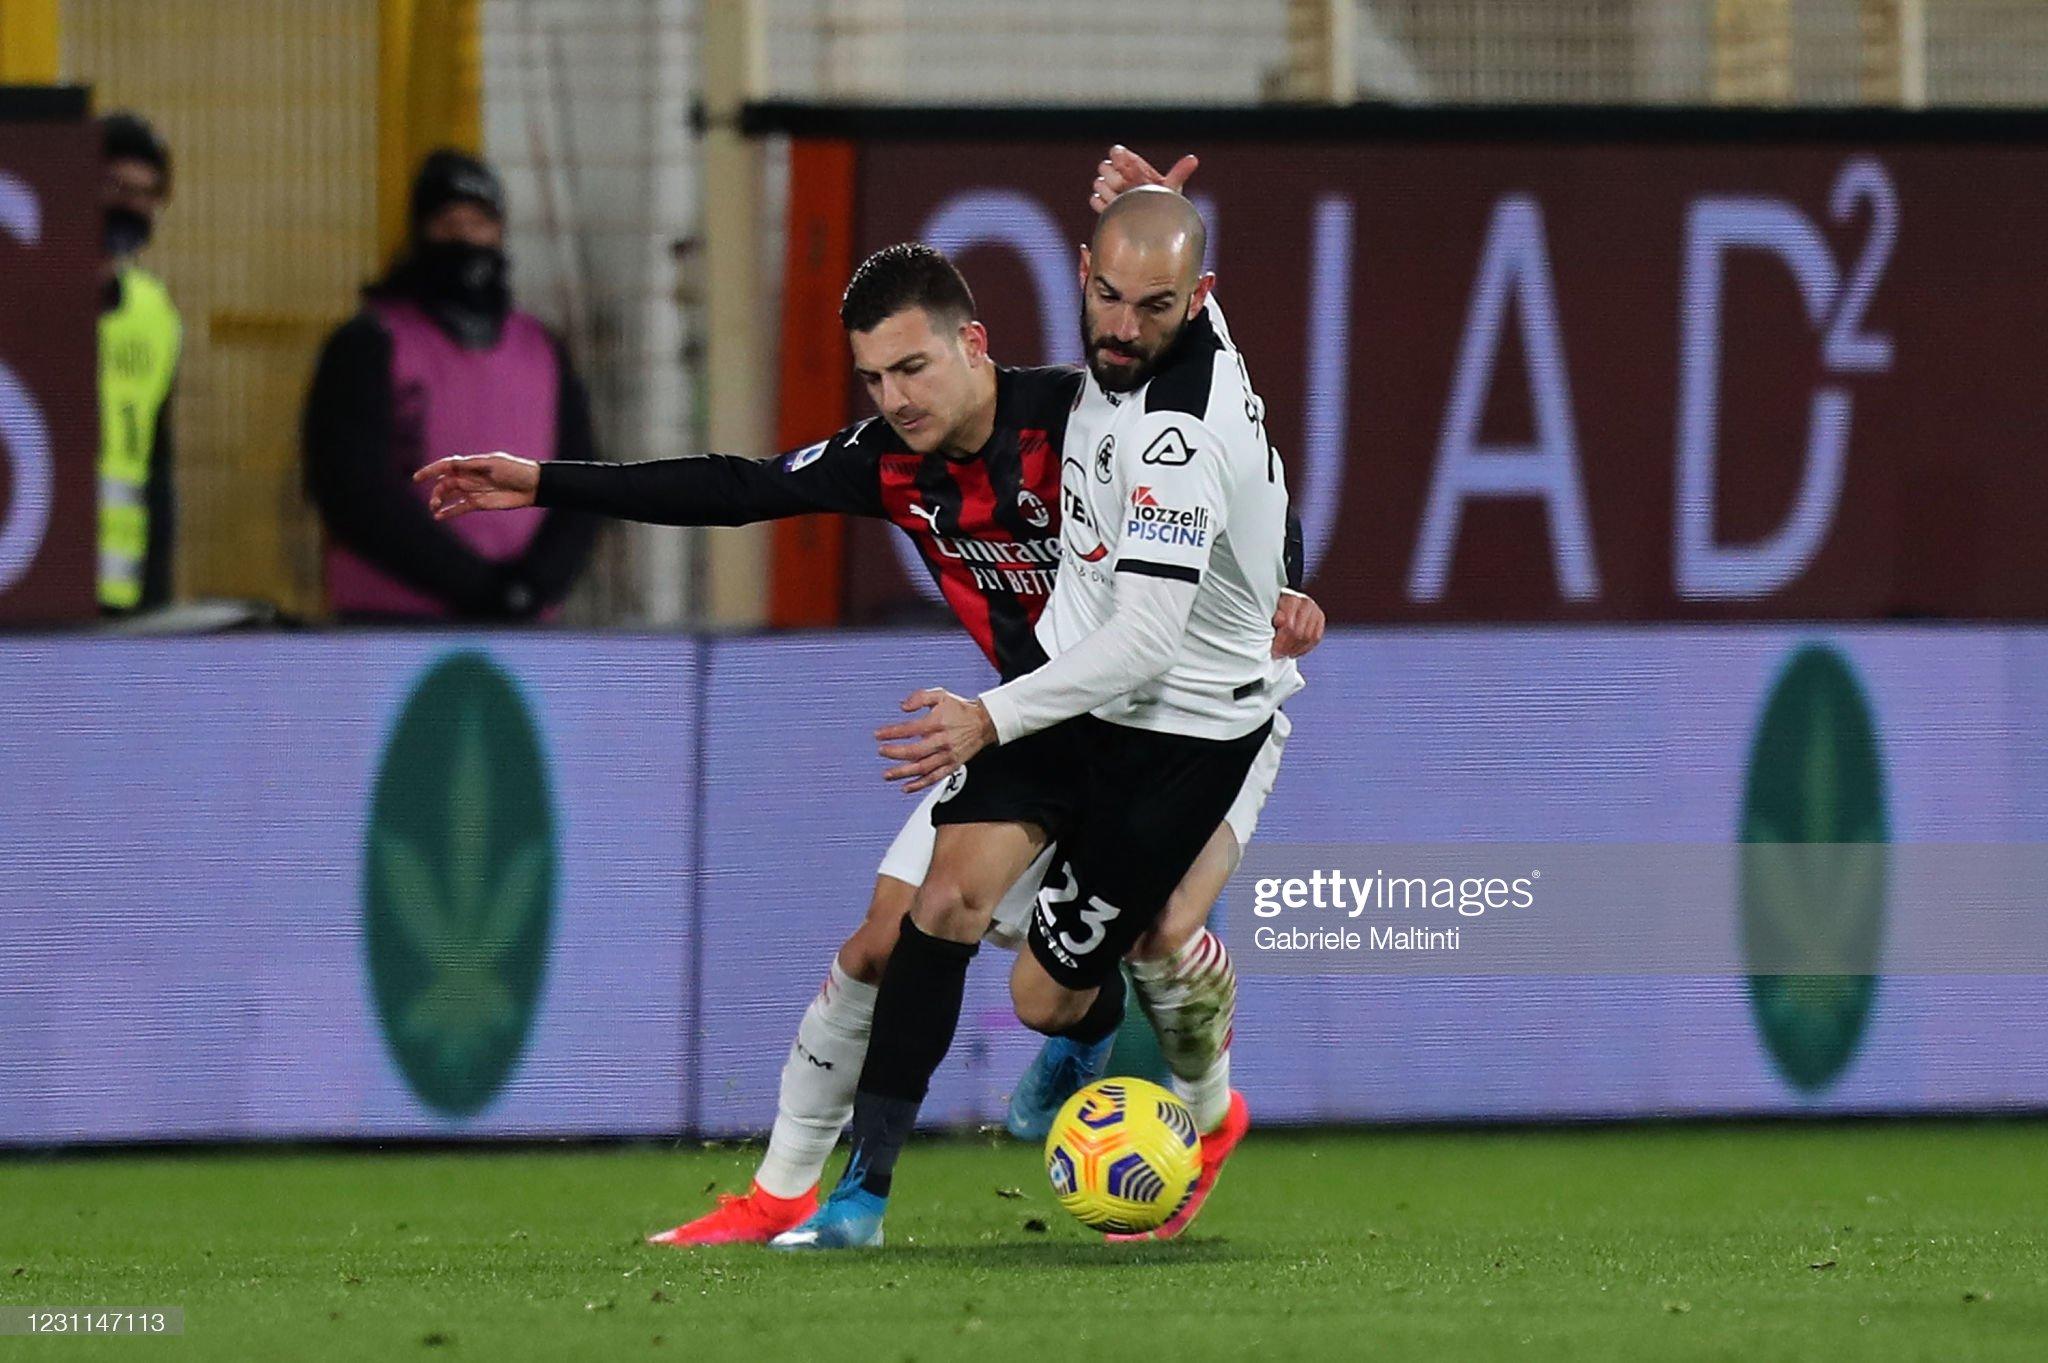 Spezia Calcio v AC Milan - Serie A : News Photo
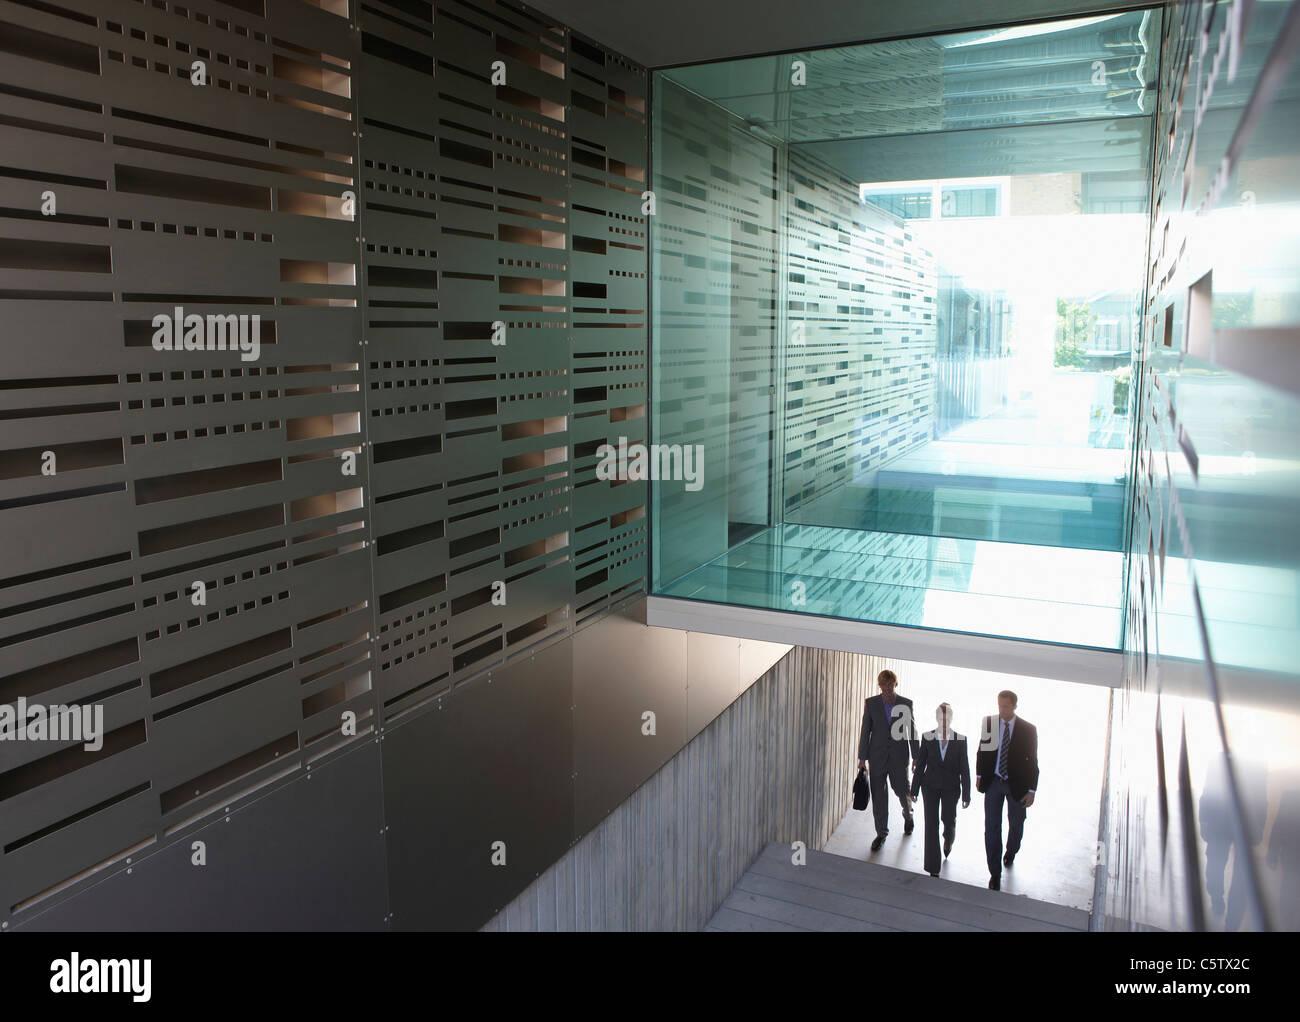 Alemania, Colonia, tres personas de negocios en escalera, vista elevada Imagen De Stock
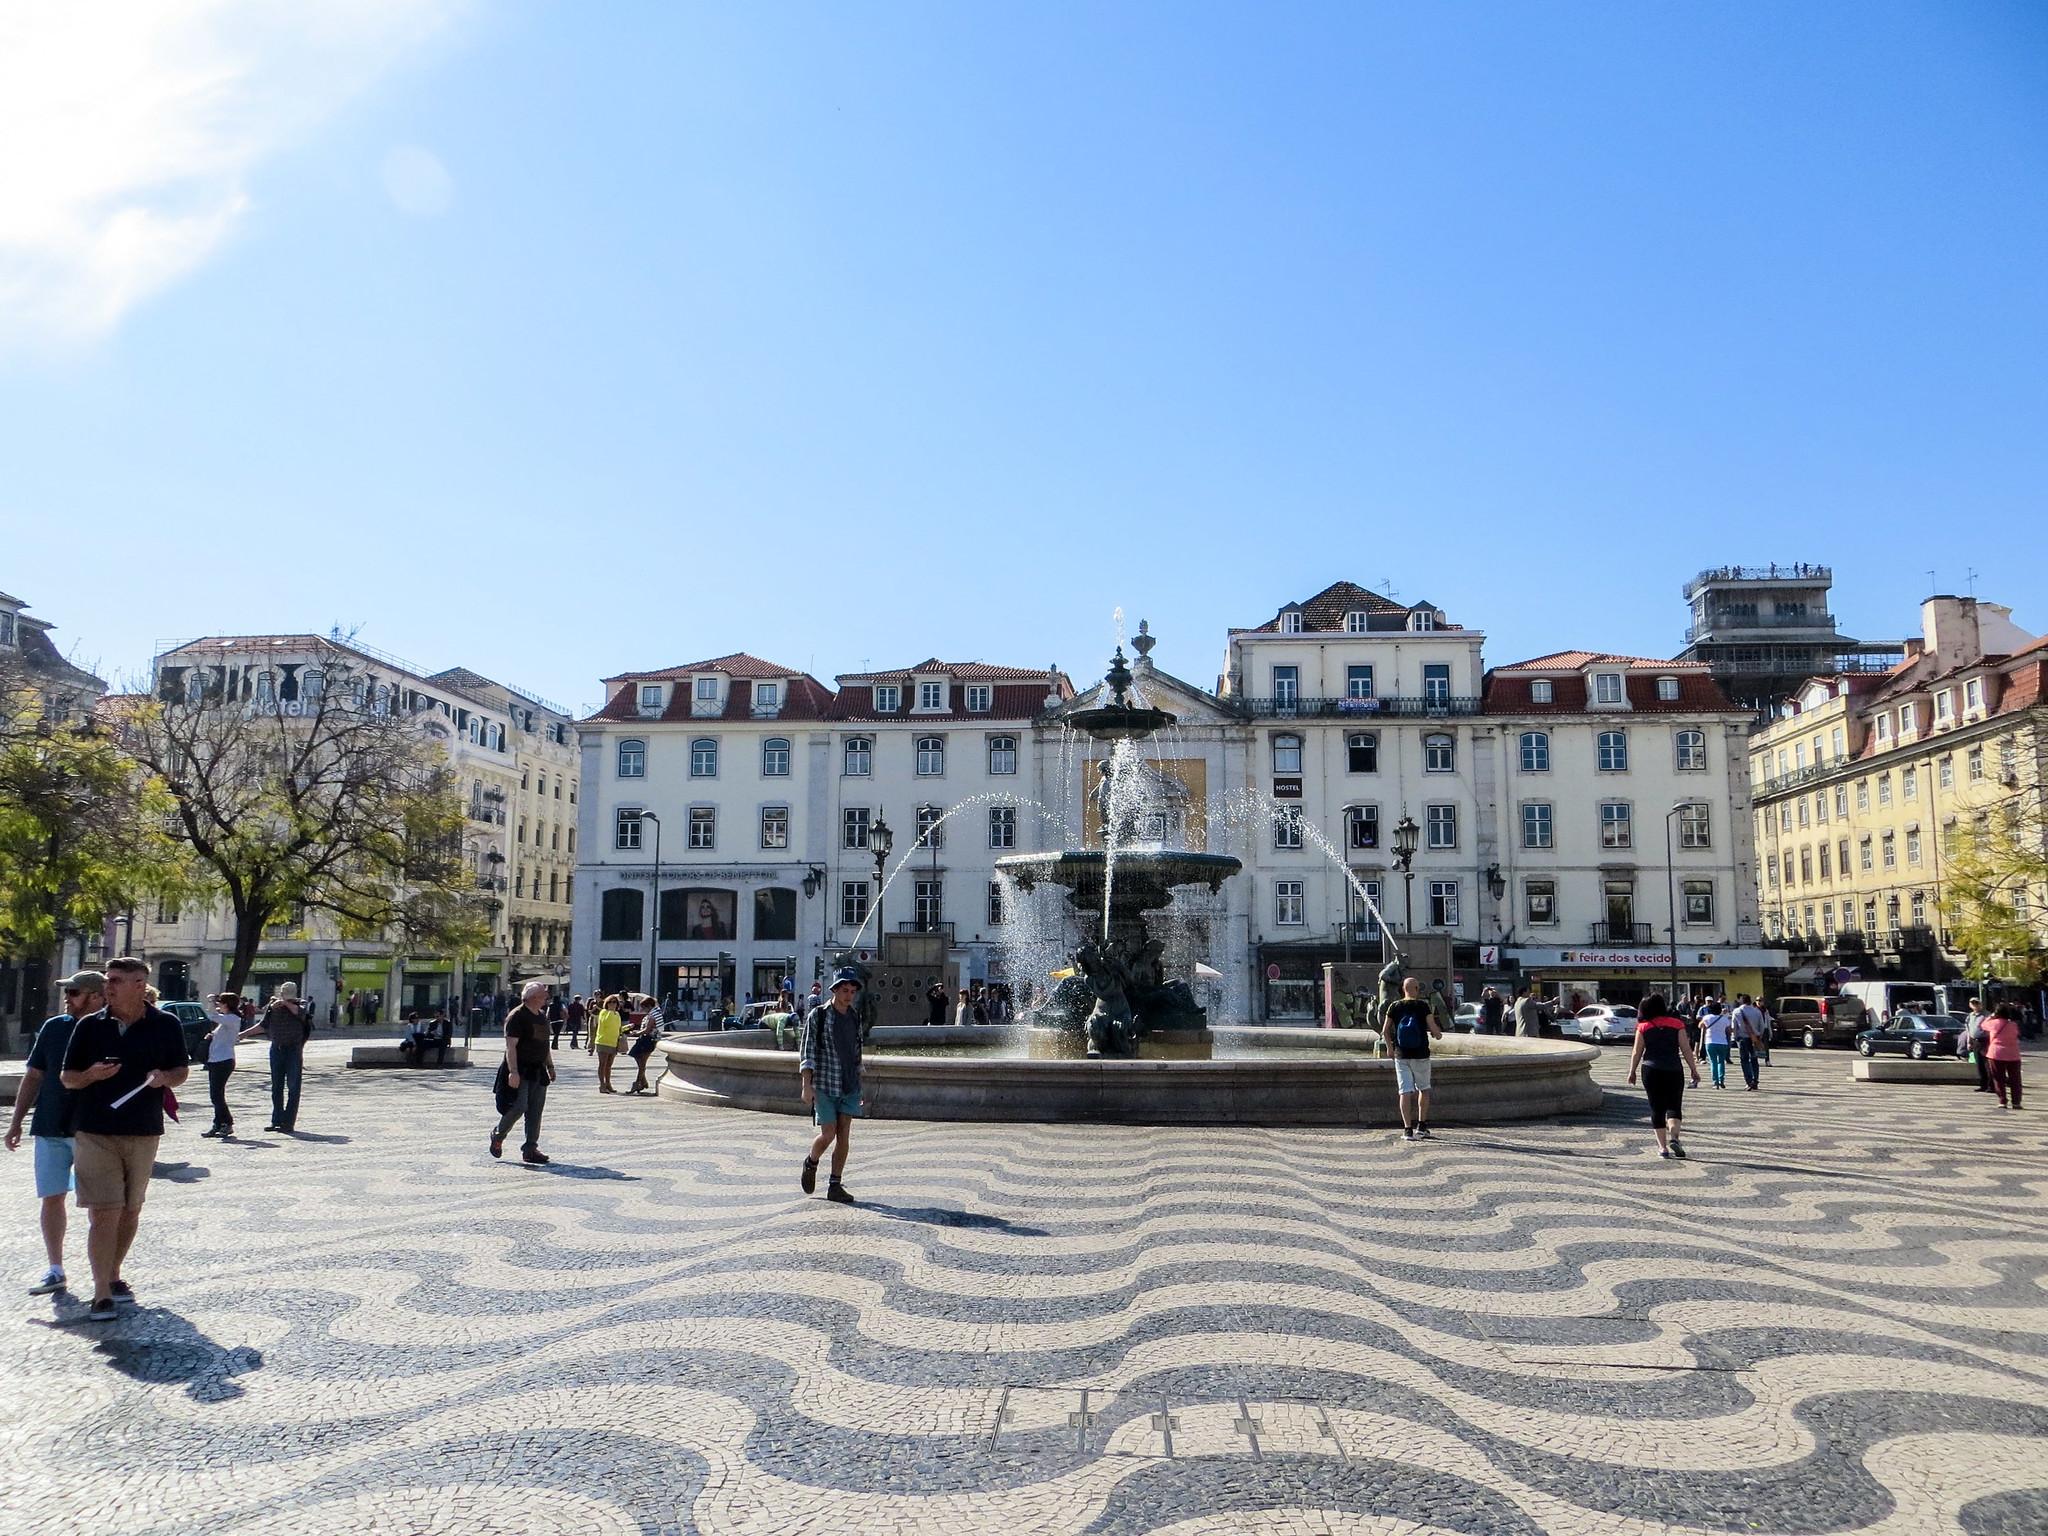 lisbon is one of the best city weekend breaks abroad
^^^^
• [Your objective]
If a picture falls within the span, leave it out, and reproduce exactly the lines from the one containing "Alemania, Colonia, tres" through the end of the material, and no others.

• [Reply]
 Alemania, Colonia, tres personas de negocios en escalera, vista elevada Imagen De Stock
 lisbon is one of the best city weekend breaks abroad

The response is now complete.